David Gilbert's first monograph covers more than a decade of the artist practice and gathers 114 photographs and an essay by writer and curator Sarah Lehrer-Graiwer.
Lillies, David Gilbert's first monograph, reimagines the artist's studio as a paradigmatic space for multiple personhoods and alternative energies. Gathering 114 staged photographs, each composition depicts scenes of interiority, scaled-up dioramas of the artist's psychic landscape embodying what it might mean to be an artist. And indeed, leafing through Lillies, one has the vague sense of peeping into something private: while there are no actual bodies, everything speaks to the artist's presence, with his photographs appearing as vacant portraits shot before or after the subject sits. As a consequence, the work ultimately grants the same attention to disposable materials as to actual human presence. And Gilbert's constant focus on economical, ephemeral materials pushes us to reconsider what should be taken seriously and what should be discarded. From stickers to napkins and butcher paper, from painted cardboard to ripped rags and towels, from tulle to chiffon, ribbons, branches, sticks, and cans, the artist transforms banality into a constant wonder bearing unexpected and glorious details. And if all portraits are ghosts, in Gilbert's case, with actual people absent from the frame, the studio set-up becomes itself the subject, finally merging photography, drawing, painting, and sculpture. All in all, Lillies pushes us, as viewers, to look for beauty—another kind of beauty; a deeper kind of beauty—where no sign of it had been detected, where we have been told not to expect it.

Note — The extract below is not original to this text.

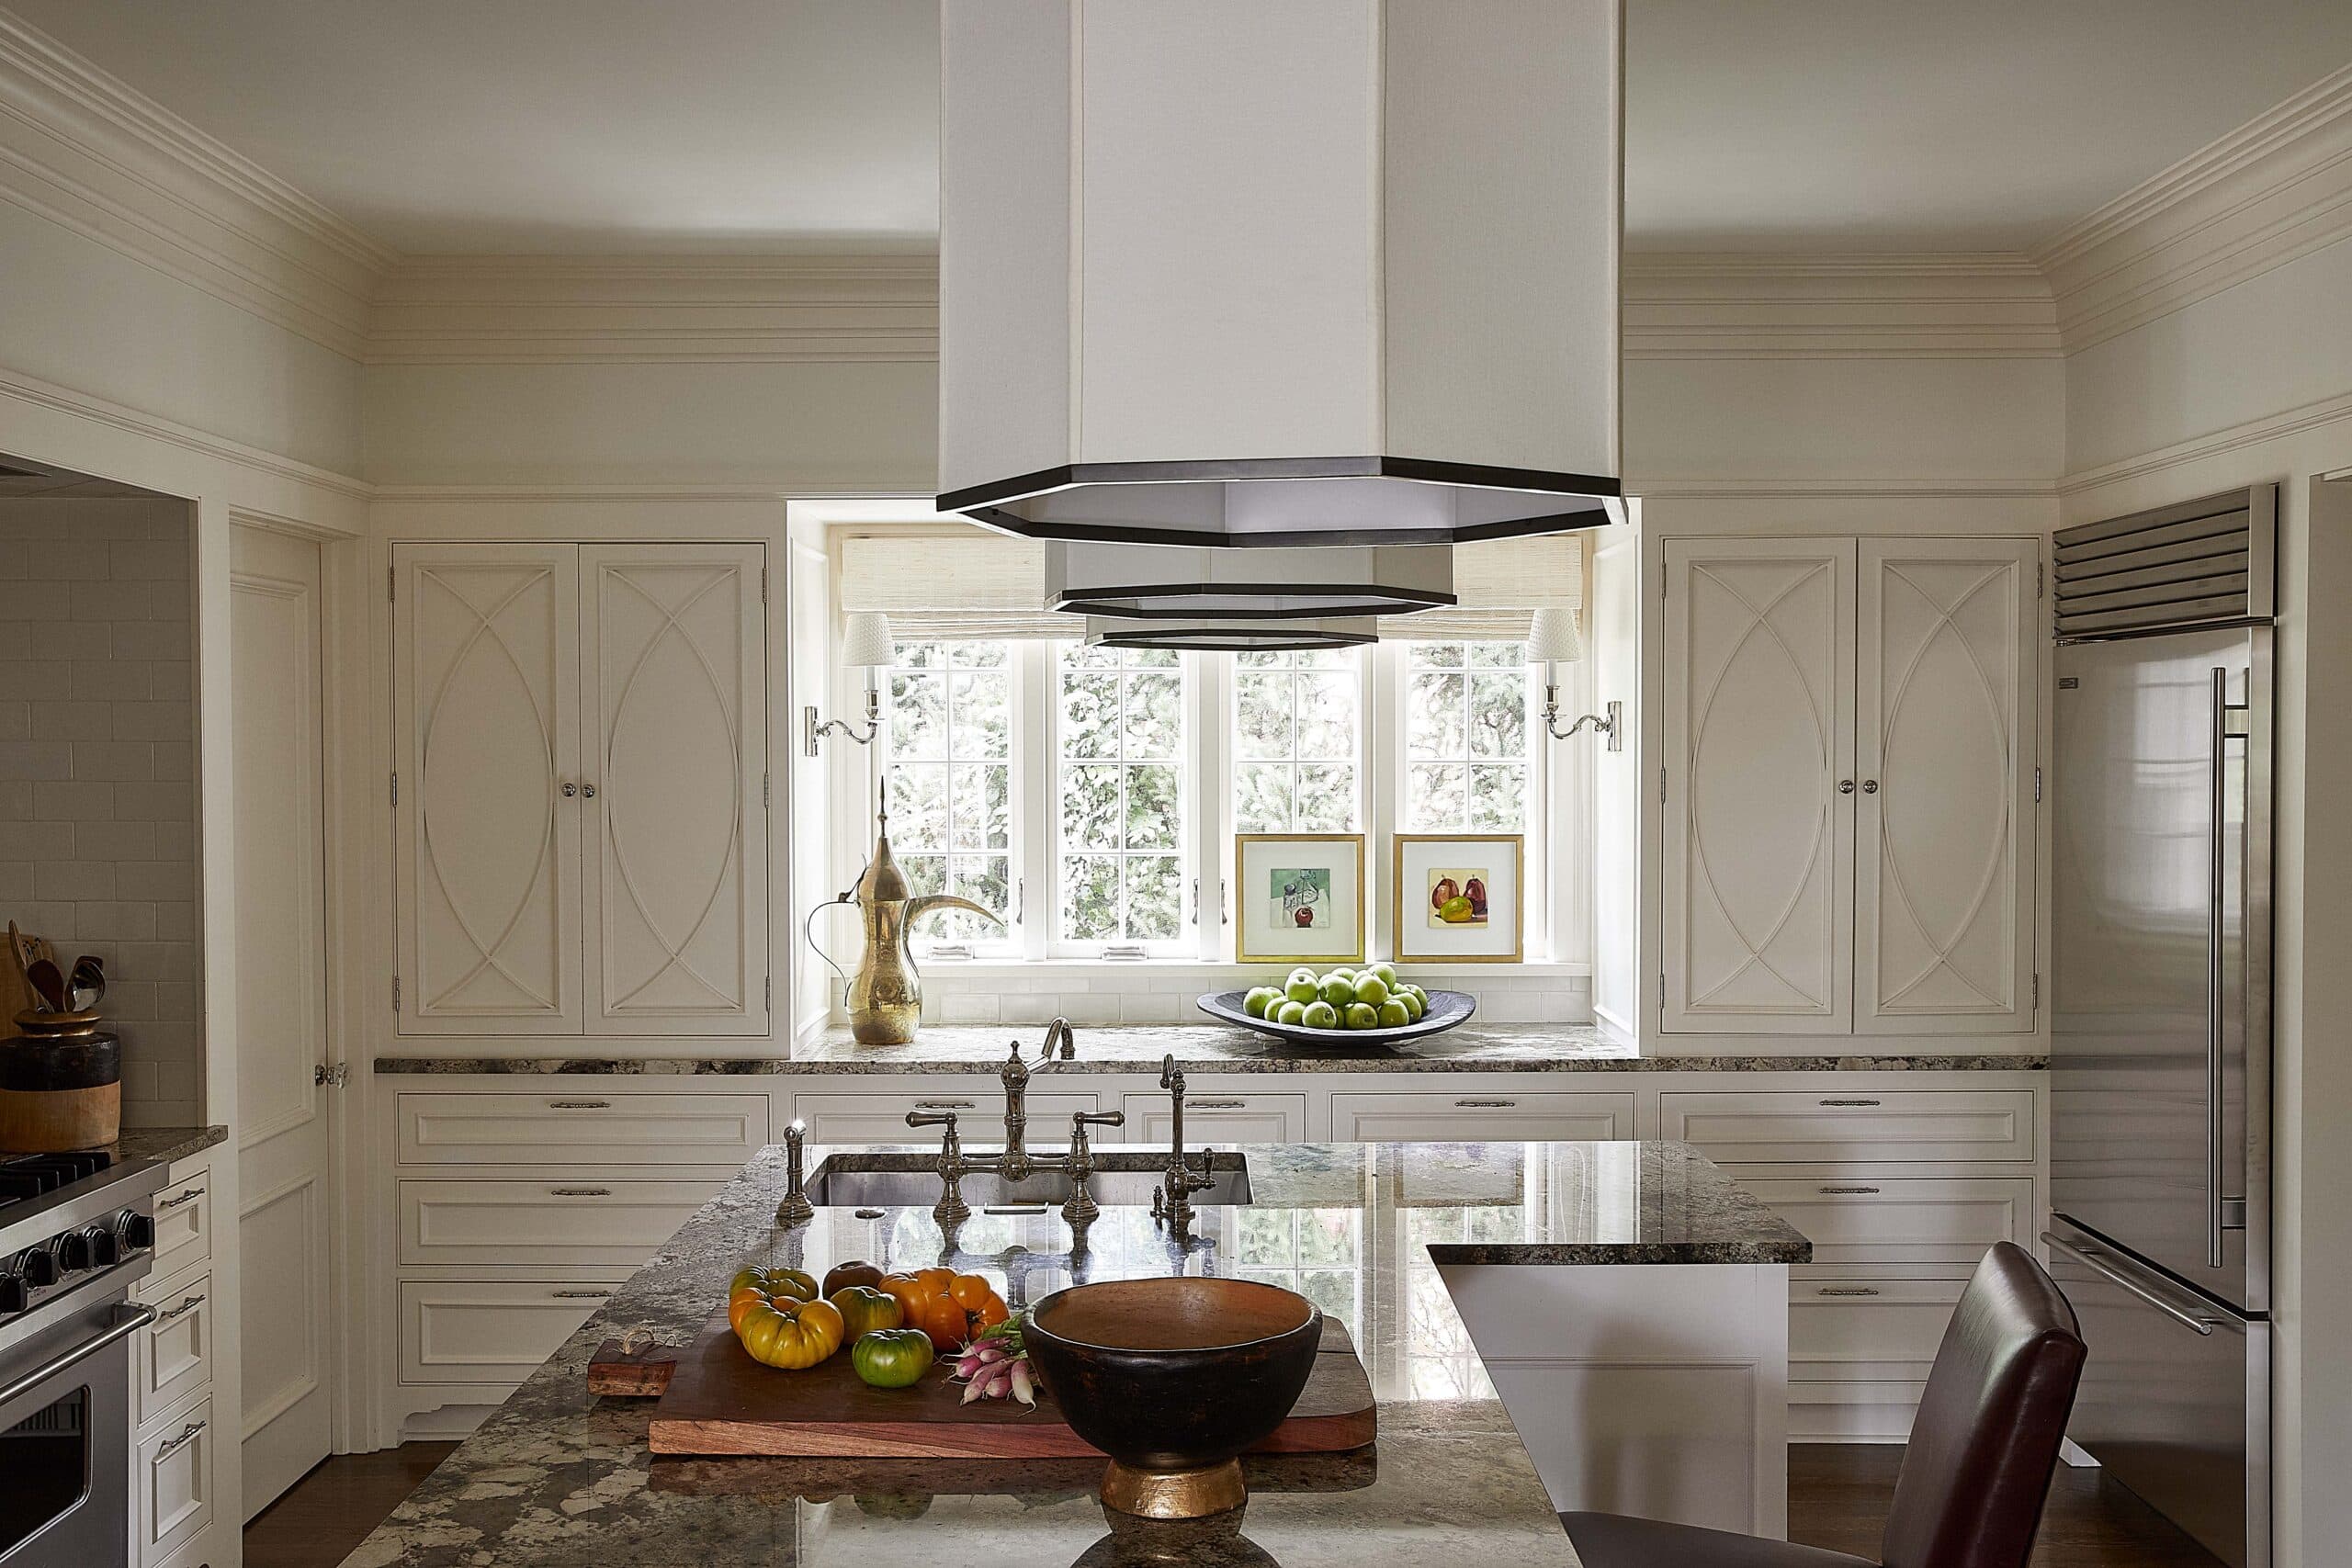 Luxury white kitchen modern interior design, kitchen remodelers denver

The book is completed by an essay by writer and curator Sarah Lehrer-Graiwer, which contextualizes and expands Gilbert's practice, making Lillies a celebration of the temporary, the provisional, the impermanent, and the transitory.
Sarah Lehrer-Graiwer is an art writer and curator based in Los Angeles, where she teaches at Otis College of Art and Design, publishes
Pep Talk, and runs the experimental art venue The Finley Gallery. Her writing has appeared in such publications as
Artforum,
ArtReview,
Art in America,
Artonpaper,
ArtSlant,
Mousse, and exhibition catalogs.
David Gilbert (born 1982 in New York) lives and works in Los Angeles. David Gilbert's photography can be situated in the unique crossroads of sculpture, drawing, painting, assemblage, installation, and image reproduction. Using these various media, Gilbert stages and photographs mise-en-scènes in the studio which variously and indeterminately read as traces of action, aftermath, something in progress, or finally, some kind of incident, accidentally perceived. Characterized by a sense of open-ended mystery and adumbration, the work willfully embraces ambiguity as a generative, queer position. Its quasi-Victorian quality of metaphor and suggestion feels incredibly fresh and fertile in the literal and taxonomical explicitness of our moment. Gilbert's images are known to gracefully teem with draped curtains, window-sourced lighting, and a soft, accidental voyeurism. Shadows function as compositional and narrative devices, which help create the contemplative and melancholic mood of the photos while also inevitably reflecting on the indexical and intrinsically haunted nature of photography. In the case of Gilbert, a photography haunted by the absence of bodies, muted longing, and loss.